Hacking The Administrator Password

This tutorial tells you how to break administrator password and gain access to admin account. Also if you need to crack/reveal the password you find the steps here to accomplish that also.
Microsoft stores all Security Information in many files but the main file is the SAM file (Security Accounts Manager)! this file contain security information about users(mainly Password).You can explore the SAM file here in this folder

$windows\system32\config

SAM is the file which contains the passwords in the form of a HASH.A HASH is a mathematically irreversible form of encryption,so that theres no way of decrypting the password back .Also there’s a file called SECURITY that contains a list of all users in the system & their related information

We will Not be able To copy them Under XP since it doesn’t support any attempt to copy this file.

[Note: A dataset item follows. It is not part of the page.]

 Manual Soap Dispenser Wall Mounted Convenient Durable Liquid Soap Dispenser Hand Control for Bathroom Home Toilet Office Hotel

The Idea Behind Cracking the password

The SAM contain’s a Security Information(password/s), so I have created a Free Windows XP SP2 Logon account (Administrator Account without password) that means when windows Launch it Will enter directly to the system without asking about any password.So, this SAM file contain’s an open password(no password).
So, the idea here is to replace the SAM file of victim’s computer(which contain’s password) with the SAM file which contains no password.When this is done the password of the victim’s account is erased and it let’s anyone to login to the computer as if there is no password set by admin.
But this SAM file cannot be manipulated(copy/rename/replace/delete) when the operating system is running.So here are some of the ideas to replace this SAM file.

1.If there are two OS installed on the computer we can boot from other OS and replace the SAM file located at
$:\windows\system32\config
2.If there is only a single OS then use the tool NTFS4DOS to access the location of the SAM and SECURITY files from the boot command prompt.
NTFS4DOS creates a bootable floppy disk. You can use this floppy to access the NTFS drives by booting the system and mounting it to DOS.

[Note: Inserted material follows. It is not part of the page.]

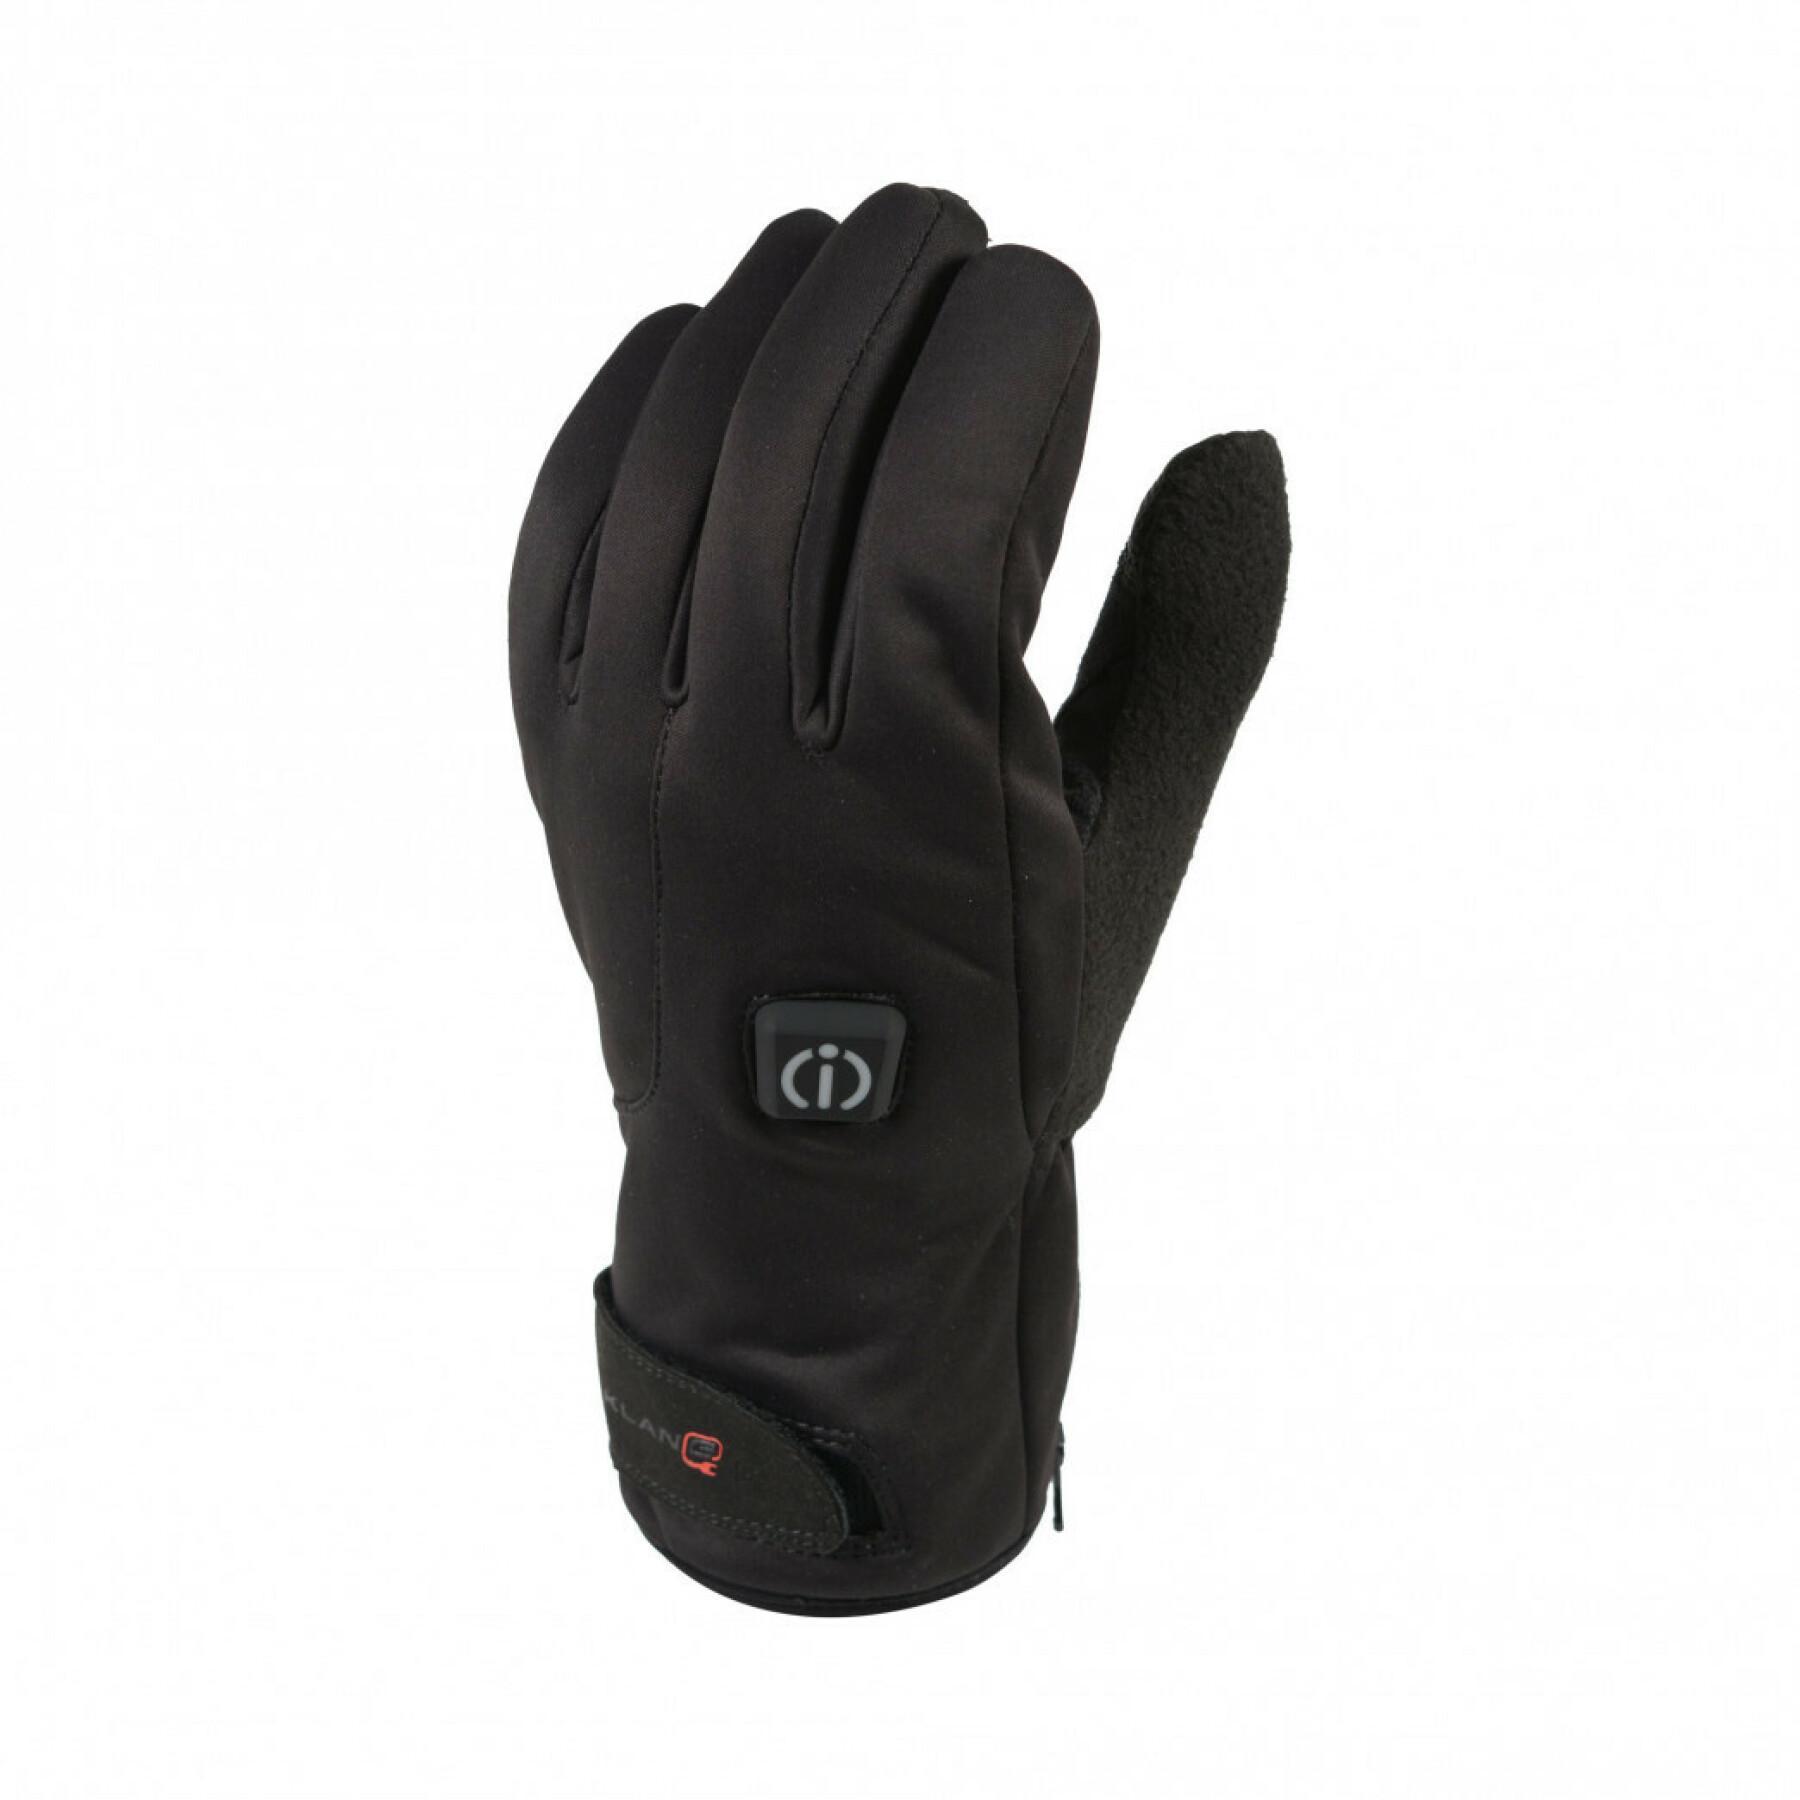 Heated motorcycle gloves Klan-e Unix

Here are the steps to be followed to break the password.

1-Download SAM file.
2- Go to the target Machine, and try to Access it by Booting from the floppy created by NTFS4DOS or by other OS(in case you have two OS installed)
3- After Getting Access to the Boot Command prompt c:> Go to the config folder
$windir$\system32\config
And Copy the SAM File and SYSTEM File(we will need it later) To other any folder, Then replace the original SAM file(In $windows$\system32\config) with the SAM file i have provided
5- Reboot and Make windows enter normally
6- Yeah, Now you can directly enter the system without any password. ie:The PW is broken!.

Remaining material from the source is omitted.